Voluntários do estudo clínico com a vacina contra a Covid-19 da Oxford/AstraZeneca em São Paulo receberam informação de que, em alguns casos, só saberão se tomaram a vacina ou o controle (placebo) no fim de fevereiro e início de março.

Sem saber se já estão imunizados, eles não poderão tomar a vacina Coronavac que está sendo oferecida no estado, apesar de muitos serem do grupo prioritário de vacinação e estarem trabalhando na linha de frente.

Os cerca de 3.000 voluntários do estudo clínico em São Paulo, coordenado pelo Crie (Centro de Referência para Imunobiológicos Especiais) da Unifesp, começaram a ser chamados no dia 20 janeiro para saber se receberam a vacina ou se estavam no grupo de controle (que recebeu uma vacina meningocócica, fazendo as vezes de placebo), logo após a Anvisa (Agência Nacional de Vigilância Sanitária) conceder autorização emergencial ao imunizante.

Em comunicado, a equipe do estudo afirmou que “num período de dois meses, todos os participantes do grupo controle estarão vacinados”.

No estudo para avaliação da eficácia da vacina, metade dos voluntários recebe duas doses do imunizante, e, a outra metade, duas doses da vacina meningocócica. Nem os médicos, nem os voluntários sabem quem recebeu o que —por isso diz-se que é um estudo duplo cego.

Os voluntários só descobrem no momento do chamado “descegamento”, ao serem recebidos em consulta no Crie. Quando isso ocorre, os que estavam no grupo de controle recebem a primeira dose vacina.

Um voluntário conseguiu agendar o “descegamento” só para o fim de fevereiro. Ele vai ter que ficar sem tomar a vacina até lá, apesar de ser médico e estar no grupo prioritário.

O médico, que não quis se identificar, tinha recebido agendamento inicial só para março. Segundo ele, nesse intervalo, ele terá de ficar exposto à infecção.

Ele não pode tomar outra vacina como a Coronavac, porque não se sabe a interação entre as duas. Mais do que isso, afirma, seria injusto tomar uma dose em meio à escassez de vacina.

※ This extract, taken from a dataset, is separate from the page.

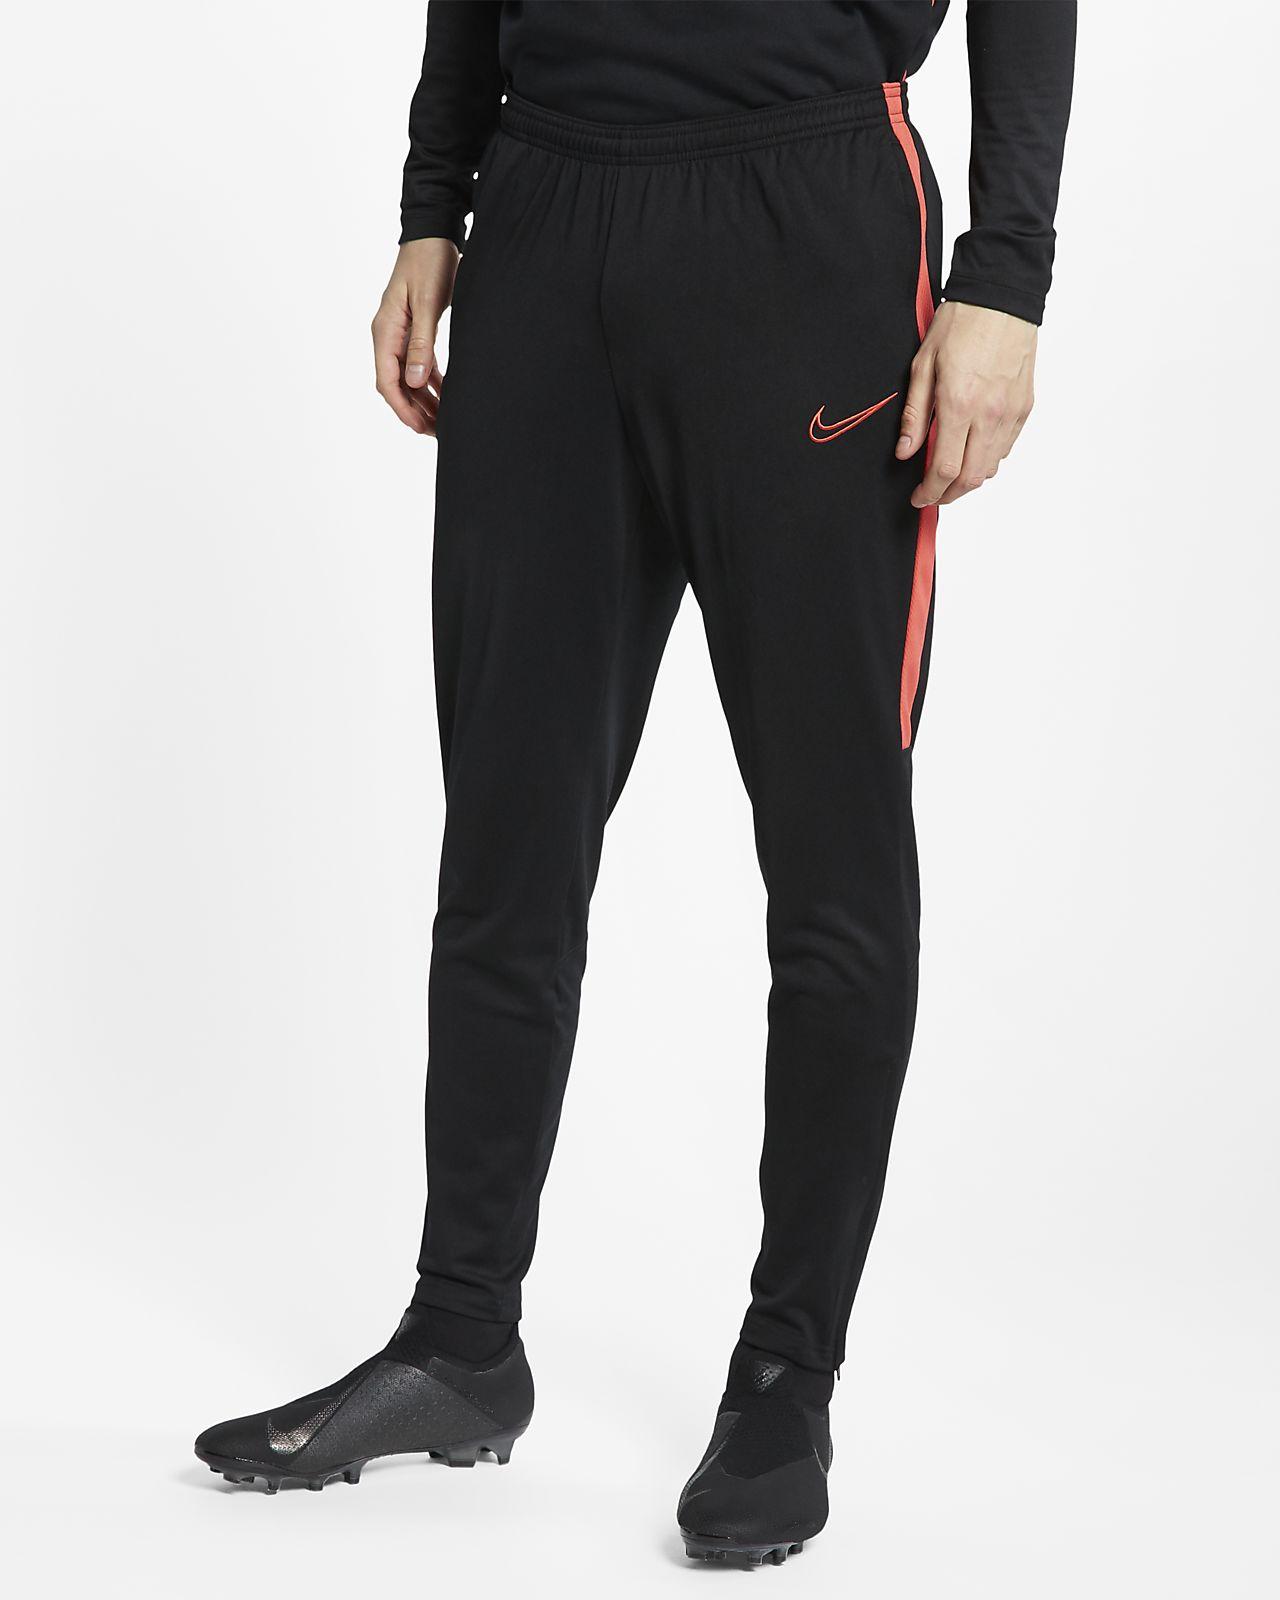 7e53aab4cb Nike Dri-FIT Academy Men's Football Pants. Nike.com IN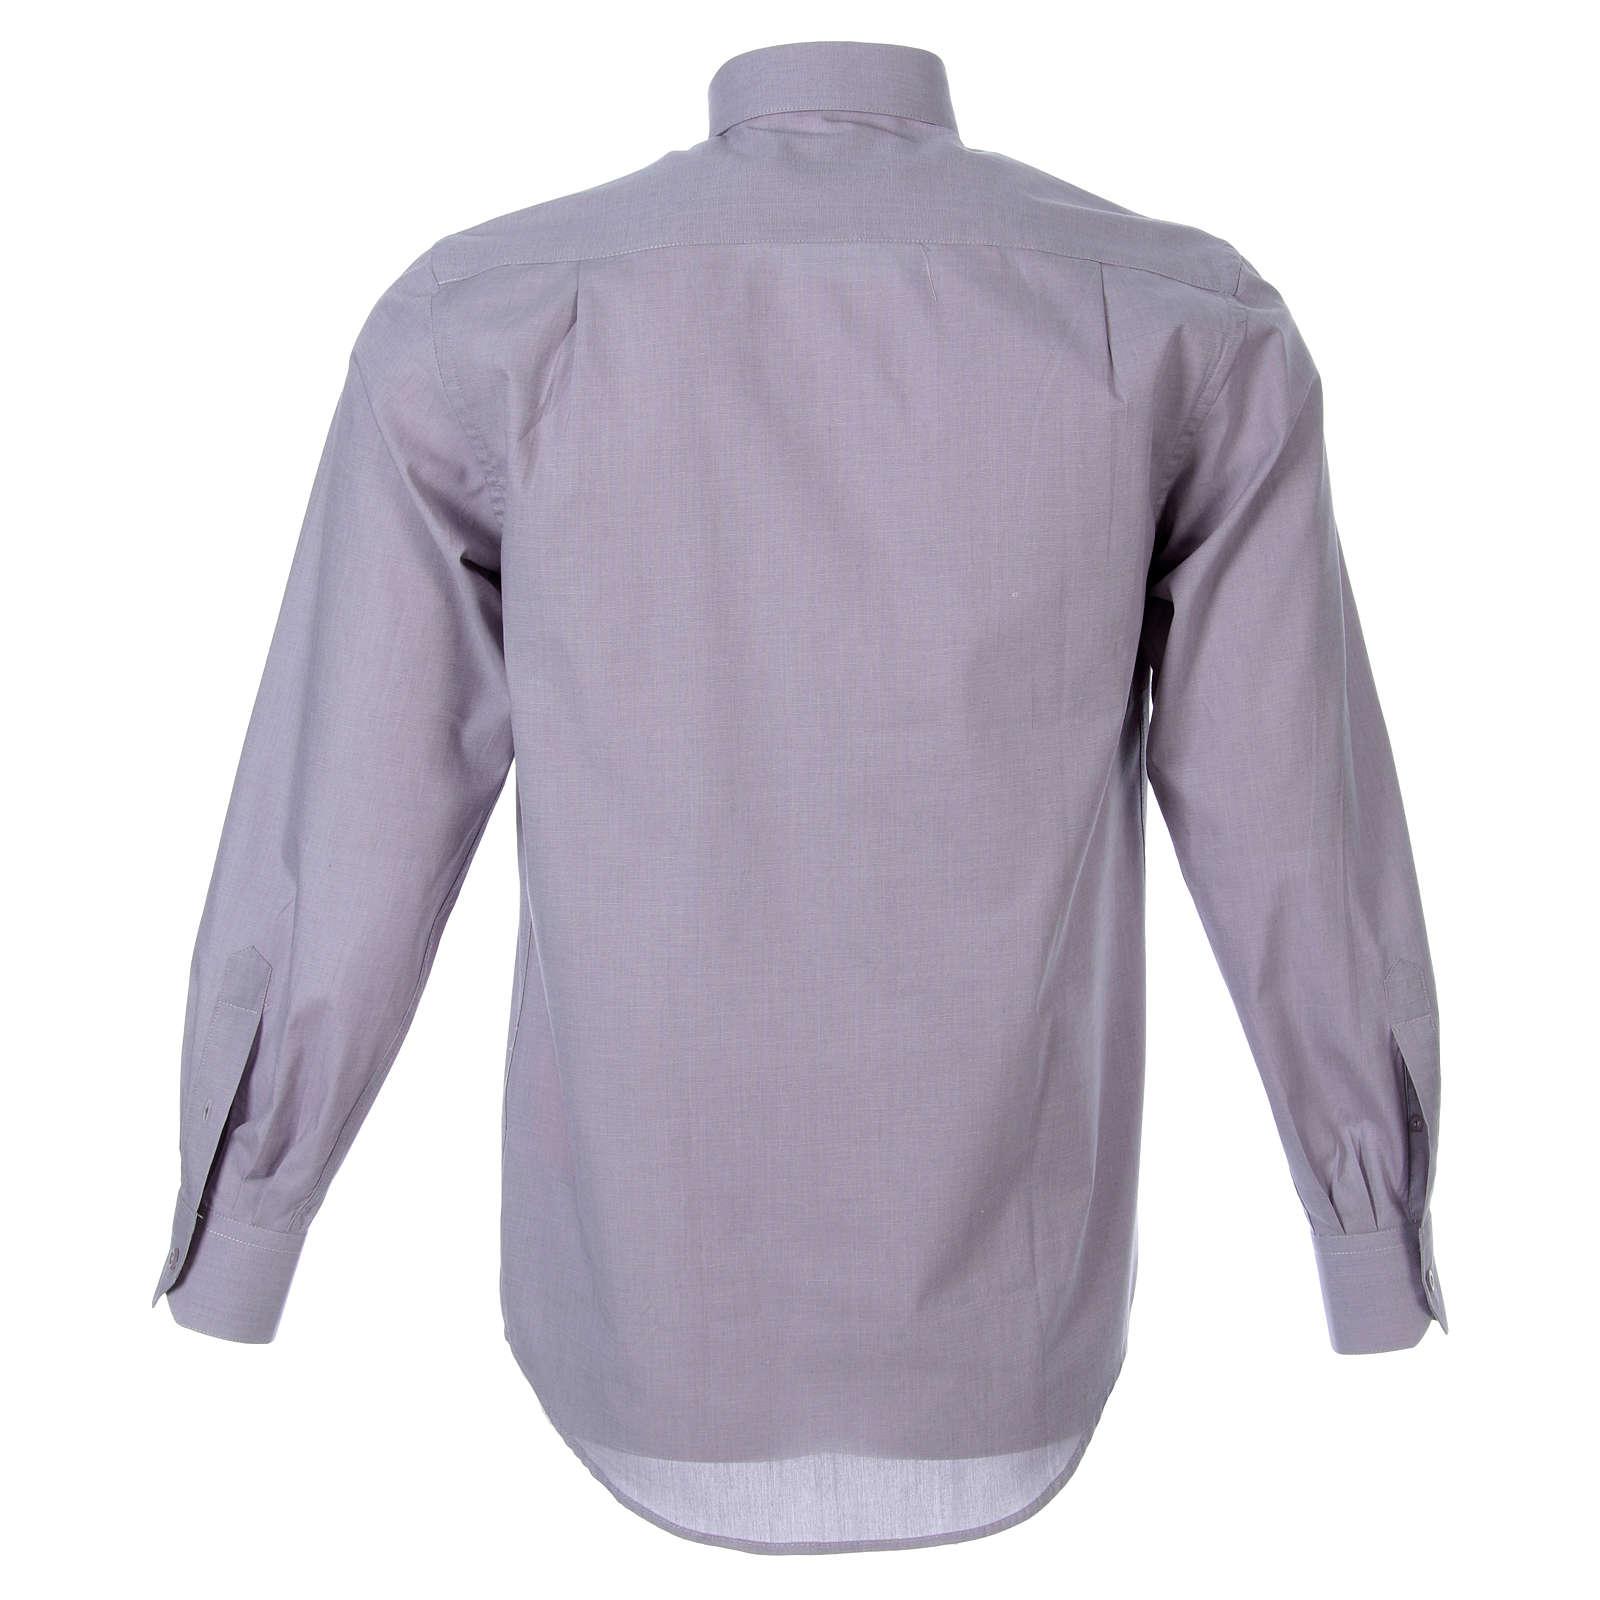 STOCK Clergyman shirt in light grey fil a fil cotton, long sleeves 4

Foto de 17 de novembro de 2020 mostra frascos com a vacina contra Covid-19 fabricada pela AstraZeneca e pela Universidade de Oxford.
Foto de 17 de novembro de 2020 mostra frascos com a vacina contra Covid-19 fabricada pela AstraZeneca e pela Universidade de Oxford. - Justin Tallis/AFP

A expectativa de muitos voluntários era que, quando abrissem o cegamento, as pessoas fossem chamadas e já se fizesse a vacinação na primeira semana ou, no máximo, na segunda. As doses para os voluntários vêm de um lote separado, direto do Reino Unido.

Segundo a assessoria de imprensa da Unifesp, mais de mil voluntários já foram até o Crie para o "descegamento", e o centro está trabalhando de segunda a segunda, mas não pode ter aglomerações, por conta dos riscos sanitários. O centro está chamando primeiro os integrantes dos grupos prioritários determinados pelo Programa Nacional de Imunização.

O pediatra aposentado Sylvio Monteiro de Barros, 74, teve sua consulta agendada para a quinta-feira (28) e foi informado de que ele havia sido inoculado com a vacina de Oxford/AstraZeneca. “Não vou sair por aí sem máscara, claro, mas dá um alívio saber que estou vacinado”, disse.

No entanto, alguns dos voluntários que foram chamados para o “descegamento” e descobriram que estavam no grupo controle saíram de lá sem receber a vacina contra Covid. Foram informados de que as doses da Oxford/AstraZeneca estavam presas na alfândega.

Segundo a assessoria de imprensa da Unifesp, a interrupção durou “um dia e meio, no máximo dois” e se deveu a gerenciamento de estoque, por causa da alta demanda. A assessoria informou que a situação já foi normalizada.